Vayo raised all-in and in doing so, forced Nguyen off the hand. Josephy had the decision to make for his essential tournament life and would be left with just eight blinds if he called.

At this point, Josephy goes to check his chips before then checking his cards and then making the call. The whole process from start to finish takes 23.8 seconds from the moment Nguyen folds his hand. When the difference in payouts from 3rd to 1st is over $4.5 million in winnings, that is an astonishingly short period of time to consider every factor in making such an important call.

What if Vayo had crumbled under the pressure of being stared down by Josephy and all the ‘Team Bax’ rail pros in the stand? It’s not just a possibility, it’s marginally probable. But Josephy made the call.

“Set under set. I knew he had it. I can’t fold it.” Says Josephy – to everyone and at the same time, to no-one at all other than himself.
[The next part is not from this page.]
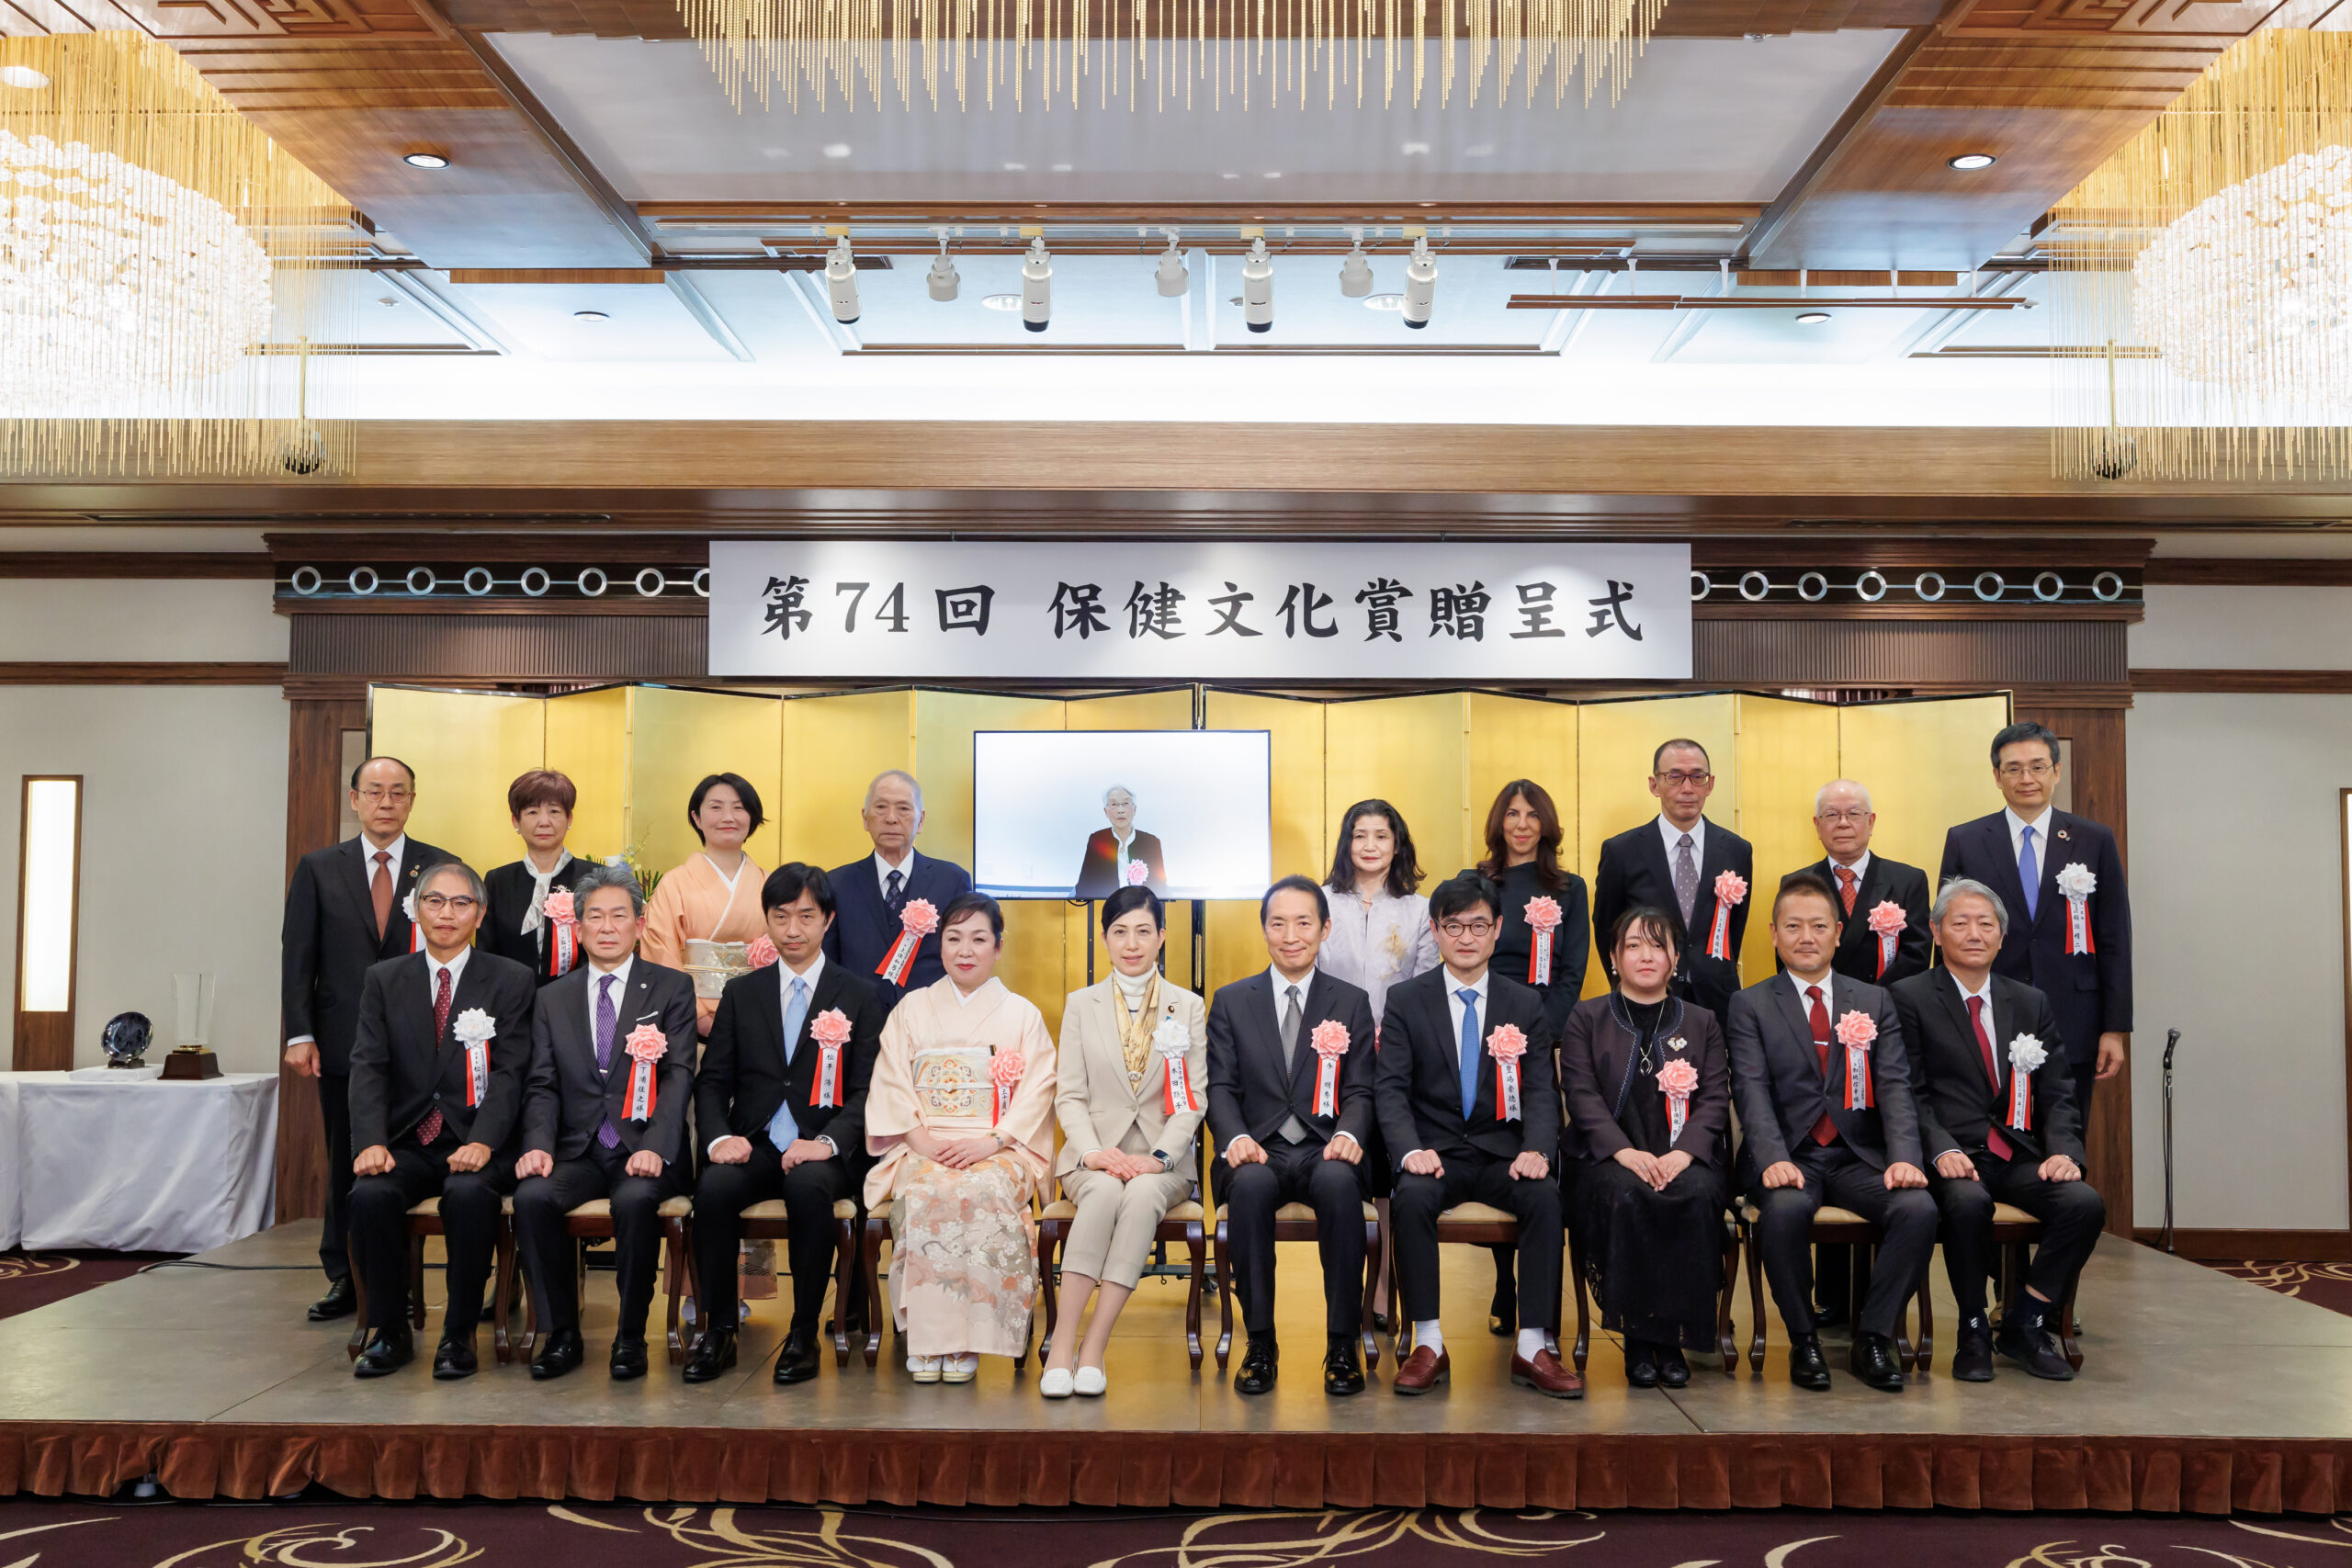 Recipients of the 74th Health Culture Award. Professor Teshima is in the seated row, fourth from the right.

He knew it was the wrong thing to do, but like a moth dragged into a beautiful flame, he couldn’t resist the purity of being so unlucky and so justifiably busted through nothing other than luck in the eyes of most people.

When he gets the bad news, Josephy goes through all manner of justifications, to himself, to his rail, to players like Shaun Deeb and Chance Kornuth. When the river is delivered and his ‘Joe Cada’ miracle of a deuce isn’t found, Josephy admits that he was swayed by the fact that people might think he folded too light. They wouldn’t have, though. They’d have worshipped him as having made the hero fold of a lifetime, a Main Event miracle that we would still be eulogizing about now. Everyone would have wanted to pull a ‘Johnny Bax’ and dodge a monster simply by edging out of its way. He would have been the ultimate poker hero, and not just to a young generation who worshipped him, but the older one too.
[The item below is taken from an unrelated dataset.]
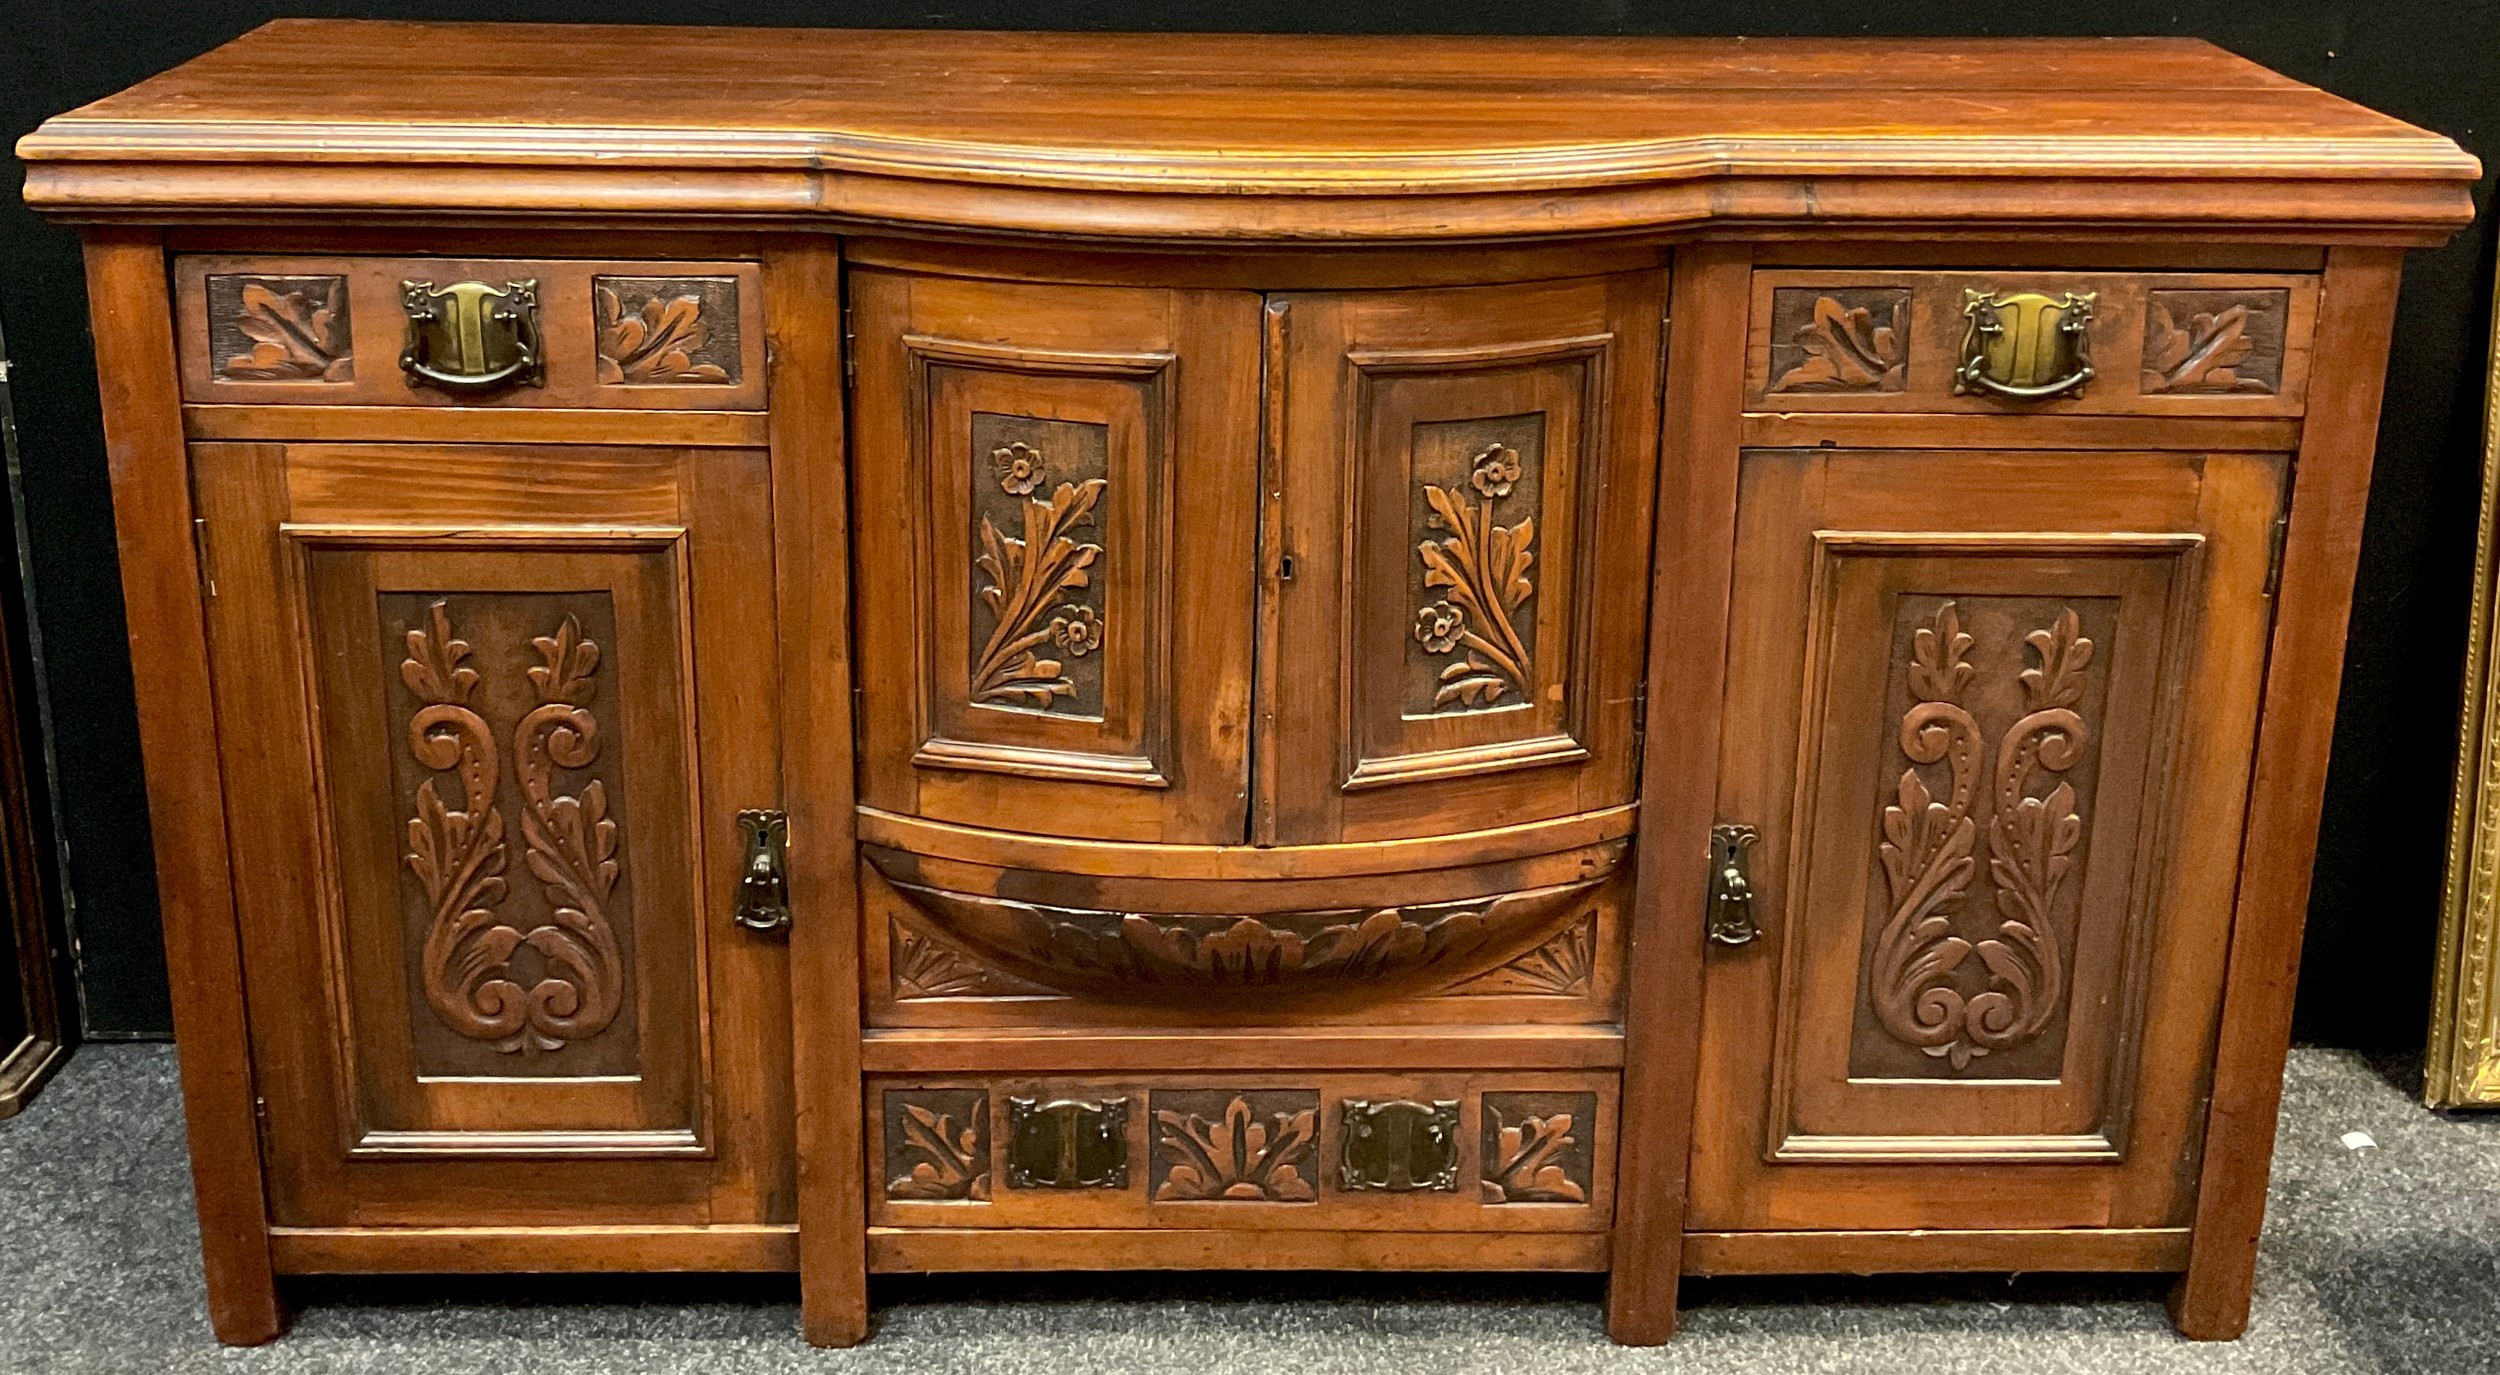 An early 20th century walnut breakfront sideboard, having an arrangement of small drawers and

He would have been an everyman poker hero.

Call it what you want, the fear of embarrassment, the persuasion of popular opinion, but in the moment, when it really came to it, ‘Johnny Bax’ failed to make the decision that his enormous talent and lengthy dedication to the game had been building to his whole life.
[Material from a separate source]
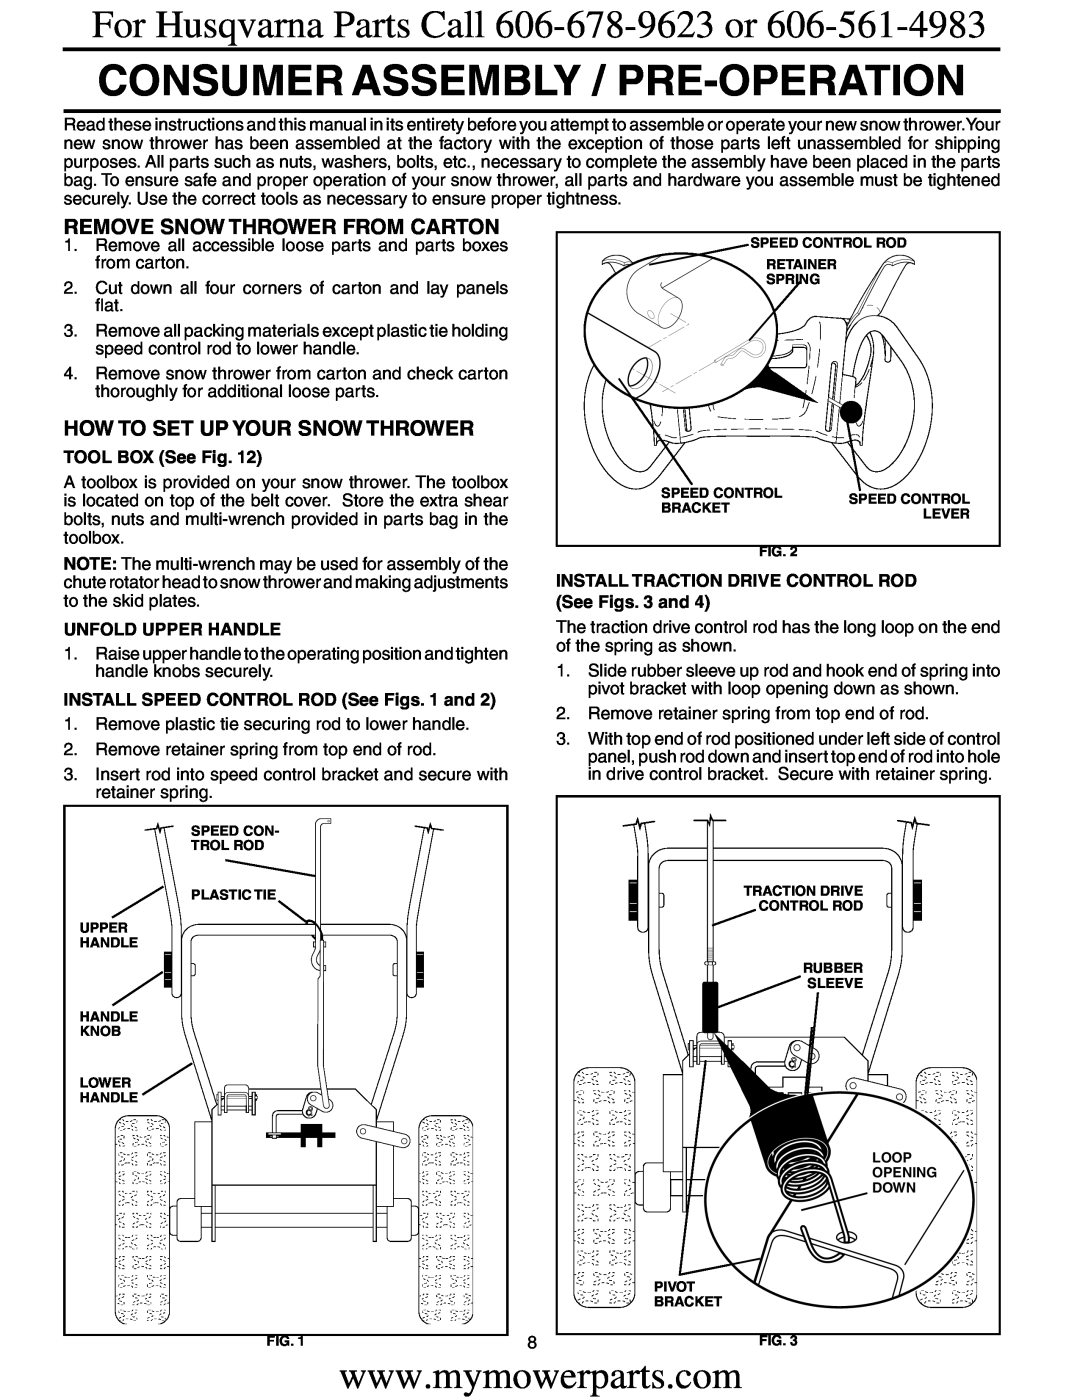 Electrolux OHV service manual Consumer Assembly / Pre-Operation, For Husqvarna Parts Call 606-678-9623 or, TOOL BOX See Fig

Becoming just plain old Cliff Josephy in front of our eyes, he was a man reduced to his bare elements during the hand in general, kicking back in his chair when forced to make the decision for almost all of his chips, but earlier in the hand licking his actual lips when Nguyen put in the bet after he’d hit his set. In that moment more than most, perhaps, Josephy was doomed. He was looking at Nguyen making the c-bet when he should have been looking at the other man at the table who still had a decision to make.

We’ll never know what Gordon Vayo’s face was showing at that moment, because the cameras weren’t on him either, but Josephy had no such restriction and still chose to look the other way. When Vayo’s all-in move was made, Josephy gave himself less time than it takes to chew a mouthful of hot dog to make the decision that would cost him $4.5 million.

We may never get over the 2016 Main Event. Of course, Gordon Vayo went on to lose his chip lead heads-up and eventually withered in the face of Nguyen’s dominant heads-up game, losing the title to the more aggressive man. There’s no doubt that a Nguyen-Josephy final showdown would have been better entertainment. Josephy, however, misplayed one crucial hand and in no limit hold’em, one hand is all it takes.

Imagine if Josephy had employed the ability to fold in that position. He would have seen what Vayo had 30 minutes later on a delayed stream. His rail would have told him ‘great fold, man.’ Vayo would never have recovered and Josephy might have won $8 million and the title every poker player desires more than any other. ‘Johnny Bax’ will almost certainly never have that opportunity again.

Josephy’s legend in poker is assured but it will also forever be linked to a single hand of poker that showed even the most dedicated of professionals can see a lifetime of skill evaporate in under 24 seconds to be replaced by human frailties, missed opportunities and a call despite knowing you’re behind.

Everybody wanted Johnny Bax to win except the small part of his brain who needed to see the cards he knew would defeat him. Sometimes, the painful reality is that knowing what your opponent has at the time they have it can cost any price or any dream. It certainly did back in 2016 for Cliff Josephy.